- TASK OBJECTIVE
Each entry in the material below should be copied without any alteration.

★ ★ ★ ★

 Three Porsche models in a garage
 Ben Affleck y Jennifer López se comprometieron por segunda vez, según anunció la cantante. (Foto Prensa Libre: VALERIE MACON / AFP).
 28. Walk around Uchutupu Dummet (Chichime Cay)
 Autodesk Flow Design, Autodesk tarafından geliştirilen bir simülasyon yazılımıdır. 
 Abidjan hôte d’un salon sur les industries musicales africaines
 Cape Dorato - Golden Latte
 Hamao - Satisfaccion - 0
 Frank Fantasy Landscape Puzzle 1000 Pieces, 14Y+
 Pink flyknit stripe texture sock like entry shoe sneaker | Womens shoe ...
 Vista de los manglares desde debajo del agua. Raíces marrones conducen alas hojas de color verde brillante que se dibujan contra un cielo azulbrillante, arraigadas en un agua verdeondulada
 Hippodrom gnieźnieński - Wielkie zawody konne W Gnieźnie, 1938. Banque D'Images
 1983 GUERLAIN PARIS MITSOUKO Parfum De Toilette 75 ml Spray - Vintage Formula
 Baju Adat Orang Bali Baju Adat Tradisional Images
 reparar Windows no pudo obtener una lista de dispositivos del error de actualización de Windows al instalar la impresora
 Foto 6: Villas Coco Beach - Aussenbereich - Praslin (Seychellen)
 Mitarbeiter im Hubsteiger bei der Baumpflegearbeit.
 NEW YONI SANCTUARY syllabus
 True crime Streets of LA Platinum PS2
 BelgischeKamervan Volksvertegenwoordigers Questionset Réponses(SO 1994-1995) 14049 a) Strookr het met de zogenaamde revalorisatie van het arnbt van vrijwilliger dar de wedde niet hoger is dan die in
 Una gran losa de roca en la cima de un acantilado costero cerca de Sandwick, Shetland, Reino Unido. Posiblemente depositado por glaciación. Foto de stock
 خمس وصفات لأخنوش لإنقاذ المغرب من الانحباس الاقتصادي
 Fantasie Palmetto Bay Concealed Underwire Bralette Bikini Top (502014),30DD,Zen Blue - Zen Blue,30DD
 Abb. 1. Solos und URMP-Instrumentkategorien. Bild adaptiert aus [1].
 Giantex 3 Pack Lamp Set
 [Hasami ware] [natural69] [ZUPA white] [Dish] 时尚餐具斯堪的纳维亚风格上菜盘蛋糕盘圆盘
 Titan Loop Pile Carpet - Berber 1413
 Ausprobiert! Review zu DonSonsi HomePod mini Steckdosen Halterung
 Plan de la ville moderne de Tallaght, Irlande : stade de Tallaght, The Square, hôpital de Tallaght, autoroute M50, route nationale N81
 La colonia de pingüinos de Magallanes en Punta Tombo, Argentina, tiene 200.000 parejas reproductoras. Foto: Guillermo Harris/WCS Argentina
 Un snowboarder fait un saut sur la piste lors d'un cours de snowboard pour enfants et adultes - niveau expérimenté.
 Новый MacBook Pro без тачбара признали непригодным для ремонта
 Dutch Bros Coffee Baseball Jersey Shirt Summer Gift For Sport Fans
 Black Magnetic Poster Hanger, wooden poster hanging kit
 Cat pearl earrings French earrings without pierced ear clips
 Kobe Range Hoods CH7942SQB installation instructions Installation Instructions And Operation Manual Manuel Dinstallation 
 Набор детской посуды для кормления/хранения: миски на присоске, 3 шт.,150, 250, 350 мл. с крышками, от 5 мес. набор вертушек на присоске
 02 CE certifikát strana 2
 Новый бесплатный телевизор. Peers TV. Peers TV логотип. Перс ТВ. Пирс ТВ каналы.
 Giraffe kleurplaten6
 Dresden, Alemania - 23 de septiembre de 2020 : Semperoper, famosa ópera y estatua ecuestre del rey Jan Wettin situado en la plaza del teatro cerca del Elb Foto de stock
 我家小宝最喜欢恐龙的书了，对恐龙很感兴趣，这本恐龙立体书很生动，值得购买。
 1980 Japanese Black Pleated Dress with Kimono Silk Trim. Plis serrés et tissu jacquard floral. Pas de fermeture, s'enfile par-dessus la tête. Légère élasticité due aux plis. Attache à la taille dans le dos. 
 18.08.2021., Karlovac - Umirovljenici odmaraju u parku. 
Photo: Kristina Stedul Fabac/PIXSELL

★ ★ ★ ★

- TASK ANSWER
 Three Porsche models in a garage
 Ben Affleck y Jennifer López se comprometieron por segunda vez, según anunció la cantante. (Foto Prensa Libre: VALERIE MACON / AFP).
 28. Walk around Uchutupu Dummet (Chichime Cay)
 Autodesk Flow Design, Autodesk tarafından geliştirilen bir simülasyon yazılımıdır. 
 Abidjan hôte d’un salon sur les industries musicales africaines
 Cape Dorato - Golden Latte
 Hamao - Satisfaccion - 0
 Frank Fantasy Landscape Puzzle 1000 Pieces, 14Y+
 Pink flyknit stripe texture sock like entry shoe sneaker | Womens shoe ...
 Vista de los manglares desde debajo del agua. Raíces marrones conducen alas hojas de color verde brillante que se dibujan contra un cielo azulbrillante, arraigadas en un agua verdeondulada
 Hippodrom gnieźnieński - Wielkie zawody konne W Gnieźnie, 1938. Banque D'Images
 1983 GUERLAIN PARIS MITSOUKO Parfum De Toilette 75 ml Spray - Vintage Formula
 Baju Adat Orang Bali Baju Adat Tradisional Images
 reparar Windows no pudo obtener una lista de dispositivos del error de actualización de Windows al instalar la impresora
 Foto 6: Villas Coco Beach - Aussenbereich - Praslin (Seychellen)
 Mitarbeiter im Hubsteiger bei der Baumpflegearbeit.
 NEW YONI SANCTUARY syllabus
 True crime Streets of LA Platinum PS2
 BelgischeKamervan Volksvertegenwoordigers Questionset Réponses(SO 1994-1995) 14049 a) Strookr het met de zogenaamde revalorisatie van het arnbt van vrijwilliger dar de wedde niet hoger is dan die in
 Una gran losa de roca en la cima de un acantilado costero cerca de Sandwick, Shetland, Reino Unido. Posiblemente depositado por glaciación. Foto de stock
 خمس وصفات لأخنوش لإنقاذ المغرب من الانحباس الاقتصادي
 Fantasie Palmetto Bay Concealed Underwire Bralette Bikini Top (502014),30DD,Zen Blue - Zen Blue,30DD
 Abb. 1. Solos und URMP-Instrumentkategorien. Bild adaptiert aus [1].
 Giantex 3 Pack Lamp Set
 [Hasami ware] [natural69] [ZUPA white] [Dish] 时尚餐具斯堪的纳维亚风格上菜盘蛋糕盘圆盘
 Titan Loop Pile Carpet - Berber 1413
 Ausprobiert! Review zu DonSonsi HomePod mini Steckdosen Halterung
 Plan de la ville moderne de Tallaght, Irlande : stade de Tallaght, The Square, hôpital de Tallaght, autoroute M50, route nationale N81
 La colonia de pingüinos de Magallanes en Punta Tombo, Argentina, tiene 200.000 parejas reproductoras. Foto: Guillermo Harris/WCS Argentina
 Un snowboarder fait un saut sur la piste lors d'un cours de snowboard pour enfants et adultes - niveau expérimenté.
 Новый MacBook Pro без тачбара признали непригодным для ремонта
 Dutch Bros Coffee Baseball Jersey Shirt Summer Gift For Sport Fans
 Black Magnetic Poster Hanger, wooden poster hanging kit
 Cat pearl earrings French earrings without pierced ear clips
 Kobe Range Hoods CH7942SQB installation instructions Installation Instructions And Operation Manual Manuel Dinstallation 
 Набор детской посуды для кормления/хранения: миски на присоске, 3 шт.,150, 250, 350 мл. с крышками, от 5 мес. набор вертушек на присоске
 02 CE certifikát strana 2
 Новый бесплатный телевизор. Peers TV. Peers TV логотип. Перс ТВ. Пирс ТВ каналы.
 Giraffe kleurplaten6
 Dresden, Alemania - 23 de septiembre de 2020 : Semperoper, famosa ópera y estatua ecuestre del rey Jan Wettin situado en la plaza del teatro cerca del Elb Foto de stock
 我家小宝最喜欢恐龙的书了，对恐龙很感兴趣，这本恐龙立体书很生动，值得购买。
 1980 Japanese Black Pleated Dress with Kimono Silk Trim. Plis serrés et tissu jacquard floral. Pas de fermeture, s'enfile par-dessus la tête. Légère élasticité due aux plis. Attache à la taille dans le dos. 
 18.08.2021., Karlovac - Umirovljenici odmaraju u parku. 
Photo: Kristina Stedul Fabac/PIXSELL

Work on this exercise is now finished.